**Task brief:**
The answer should match the entries that follow exactly, except that no image appears in it.

Records for processing START

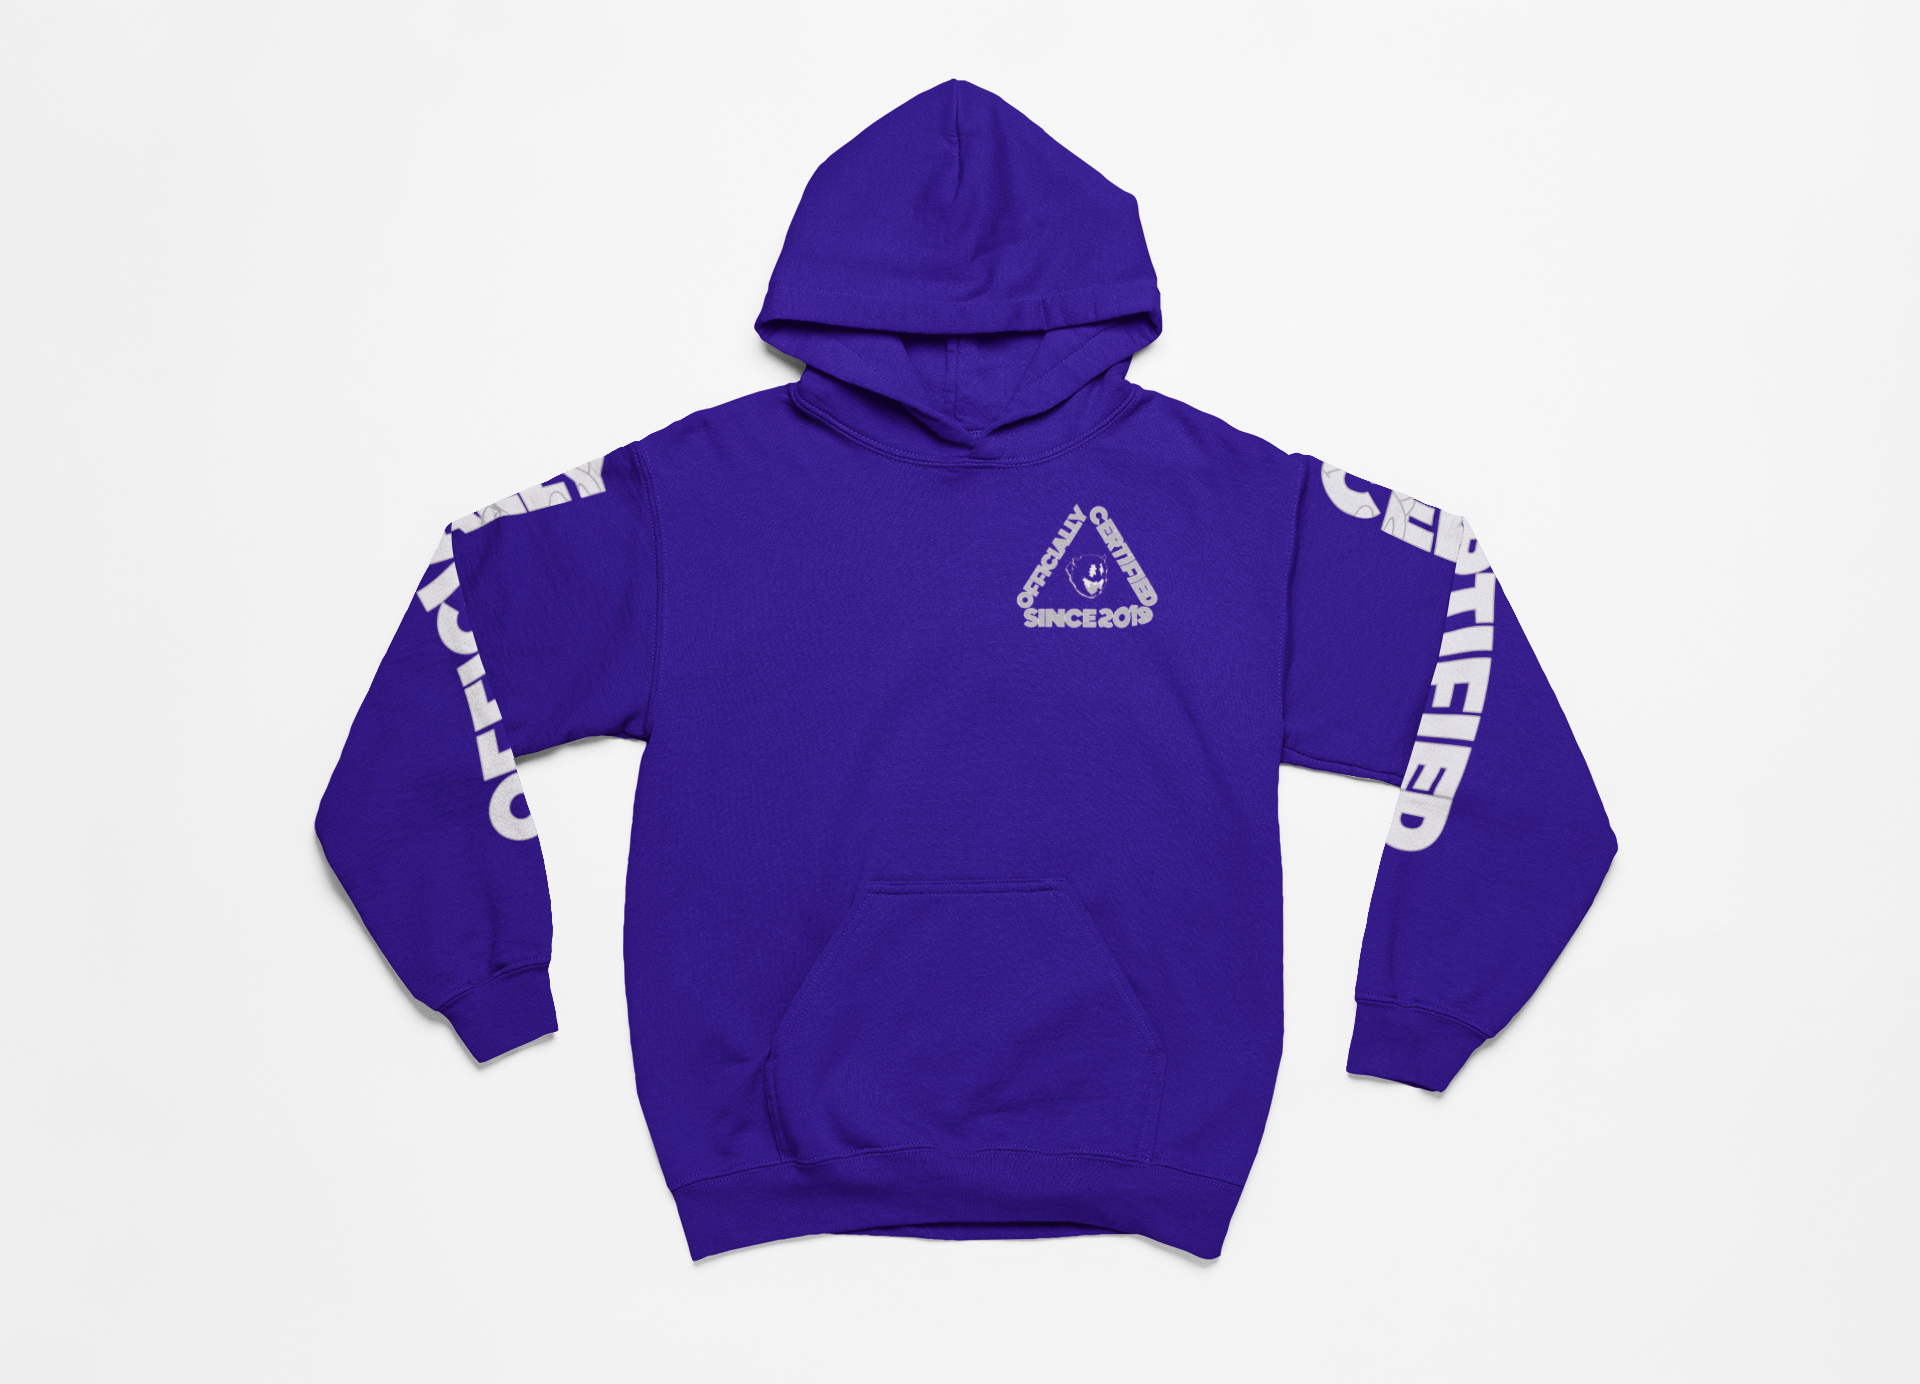 mockup-of-a-pullover-hoodie-flat-laid-over-a-color-customizable-background-m30561-2.png
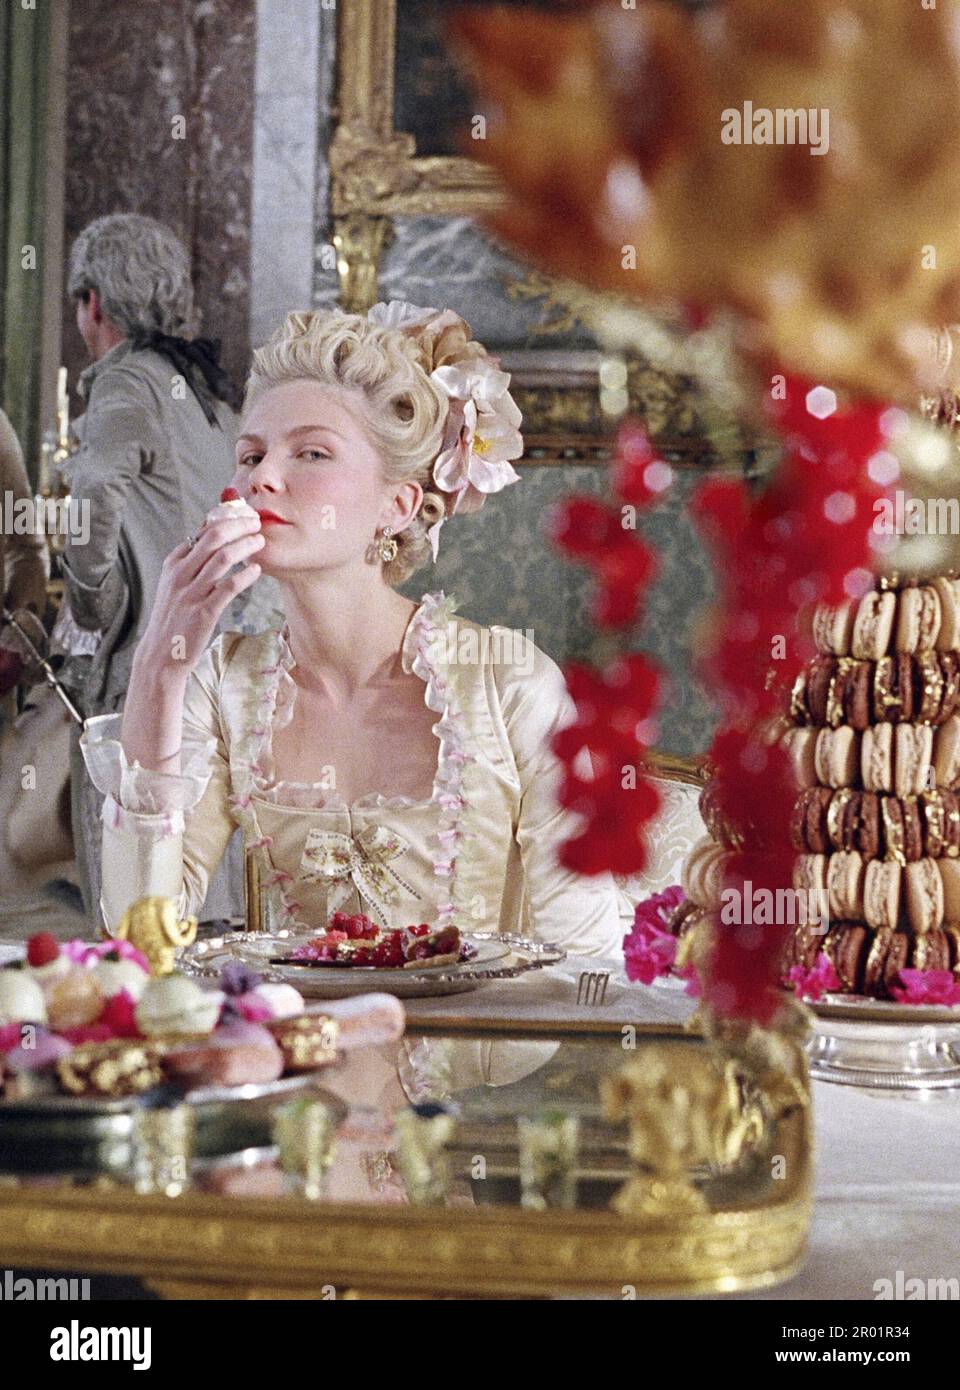 KIRSTEN DUNST in MARIE ANTOINETTE (2006), directed by SOFIA COPPOLA. Credit: COLUMBIA PICTURES CORPORATION/AMERICAN ZOETROPE / Album Stock Photo
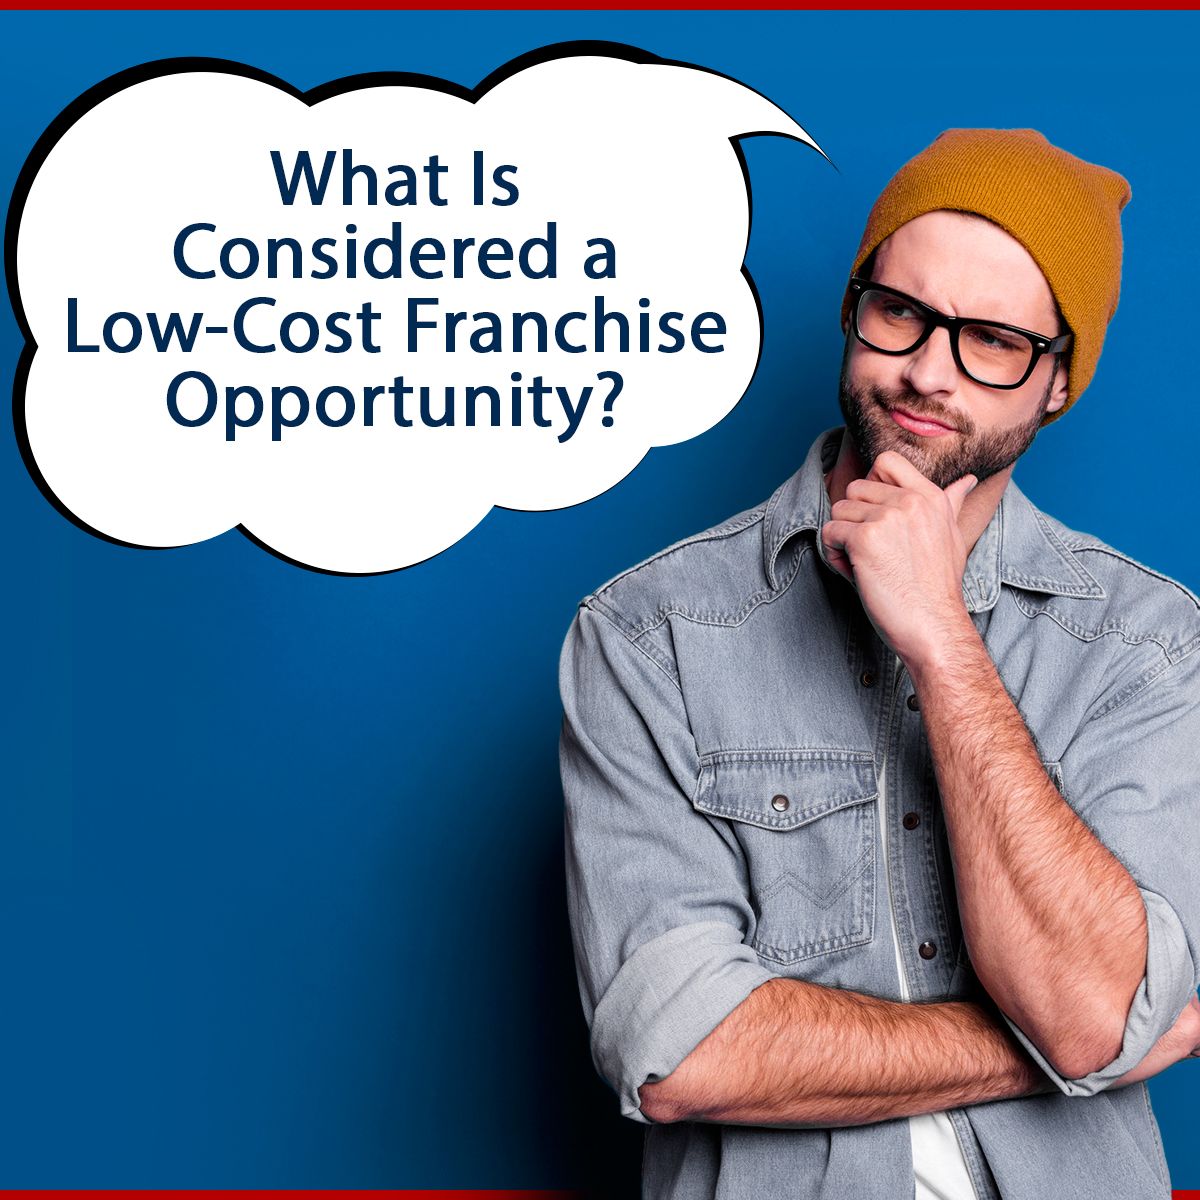 What Is Considered a Low-Cost Franchise Opportunity?
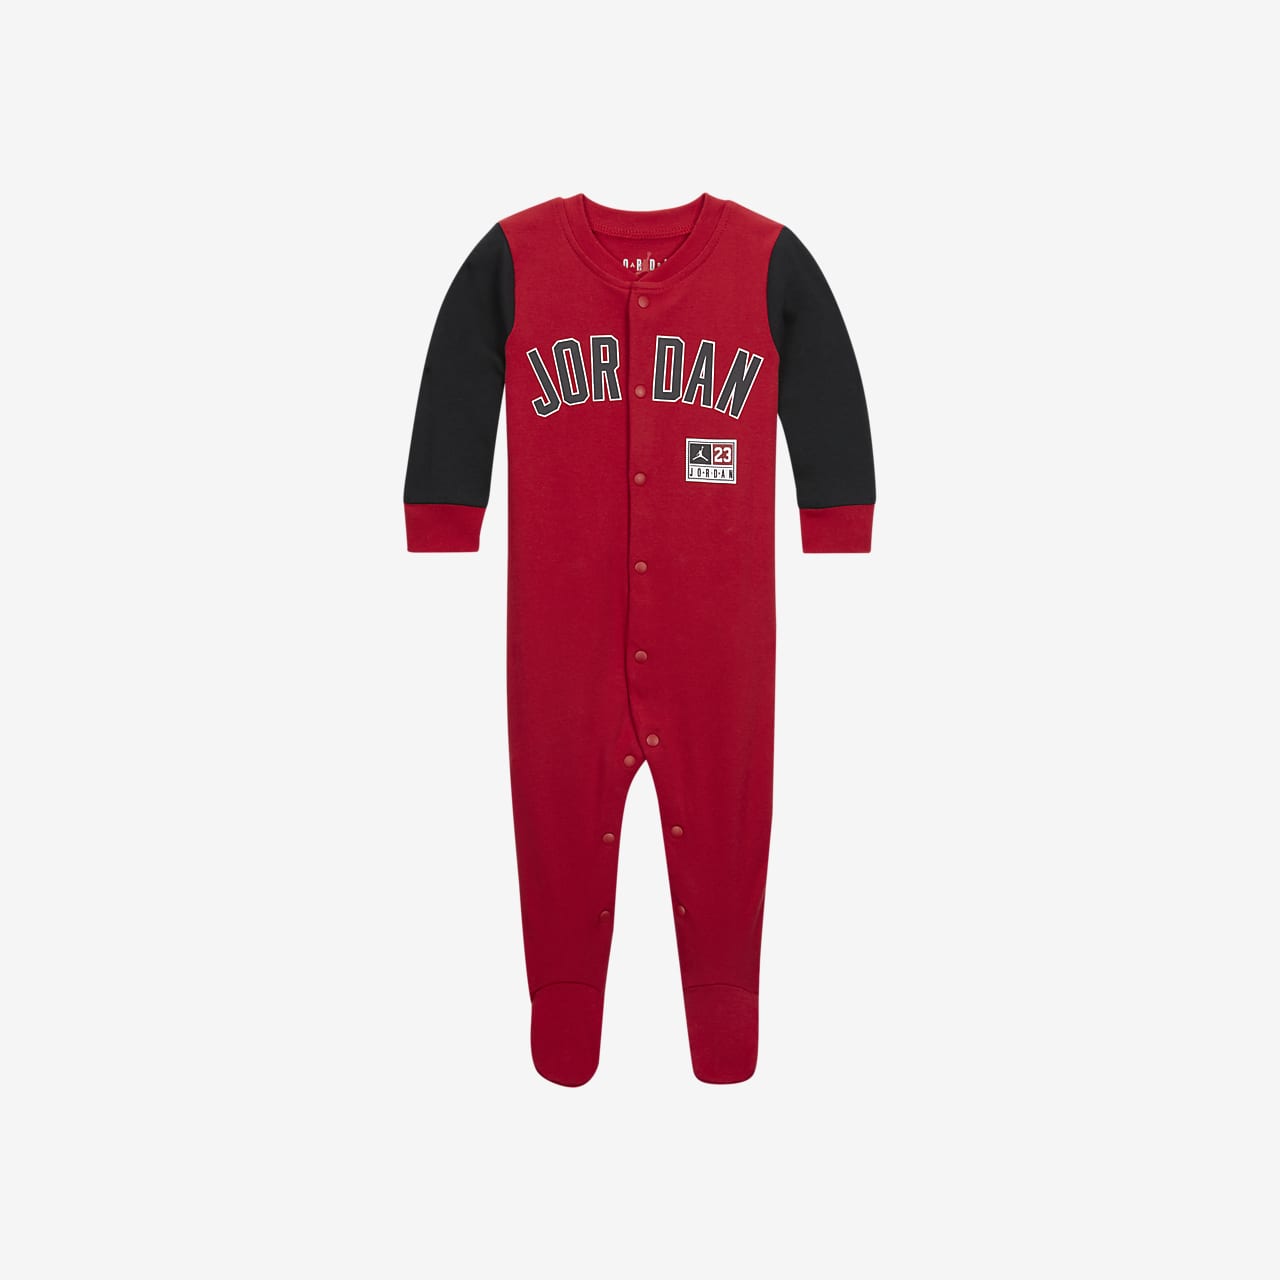 Jordan Baby (0-9M) Footed Coverall. Nike.com
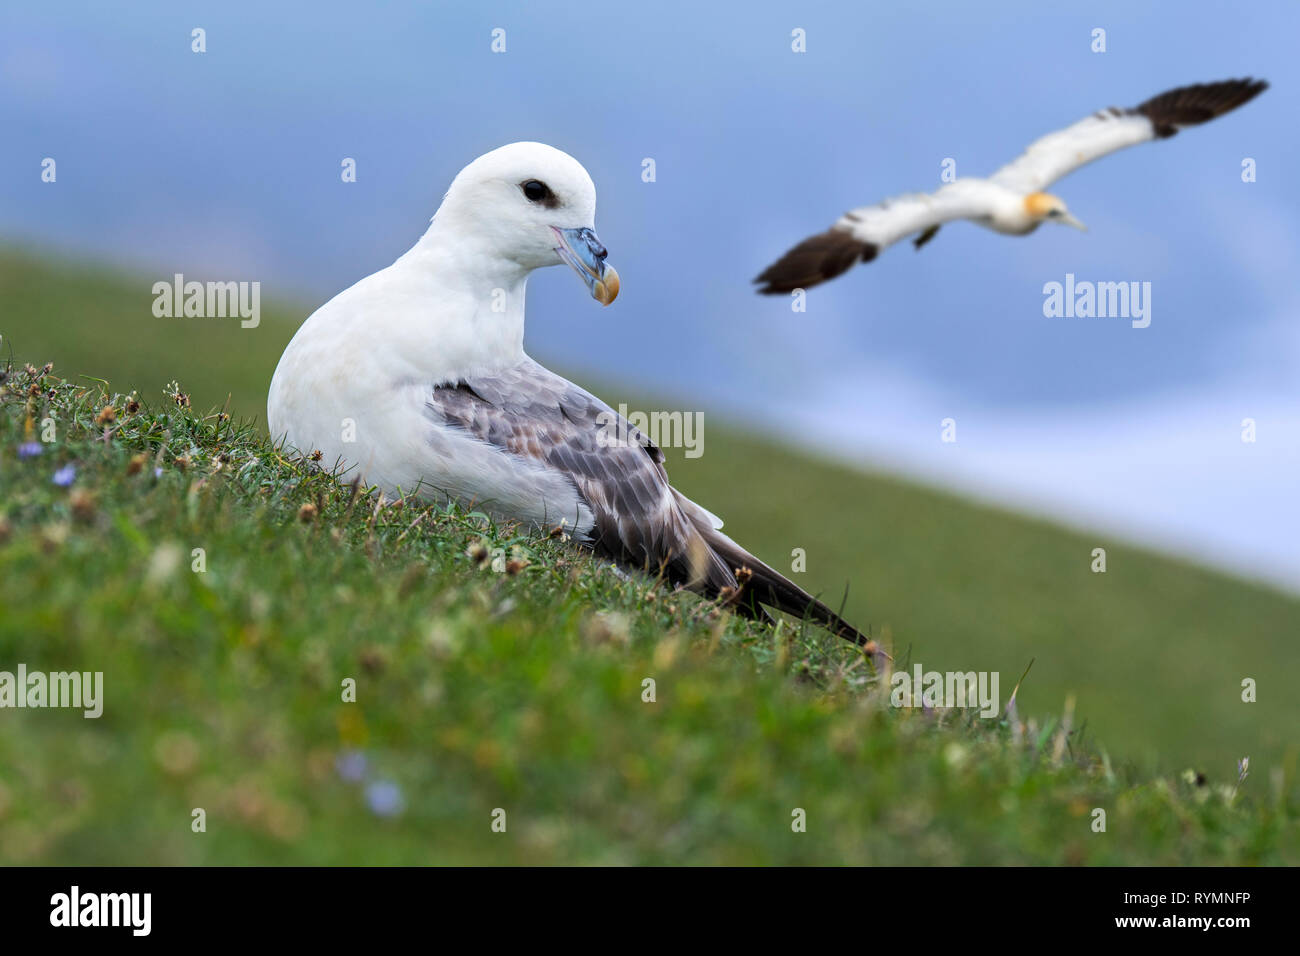 Northern fulmar / Arctic fulmar (Fulmarus glacialis) resting on sea cliff top and gannet soaring by at seabird colony, Scotland, UK Stock Photo

Records for processing END

**Written response:**
 mockup-of-a-pullover-hoodie-flat-laid-over-a-color-customizable-background-m30561-2.png
 KIRSTEN DUNST in MARIE ANTOINETTE (2006), directed by SOFIA COPPOLA. Credit: COLUMBIA PICTURES CORPORATION/AMERICAN ZOETROPE / Album Stock Photo
 What Is Considered a Low-Cost Franchise Opportunity?
 Jordan Baby (0-9M) Footed Coverall. Nike.com
 Northern fulmar / Arctic fulmar (Fulmarus glacialis) resting on sea cliff top and gannet soaring by at seabird colony, Scotland, UK Stock Photo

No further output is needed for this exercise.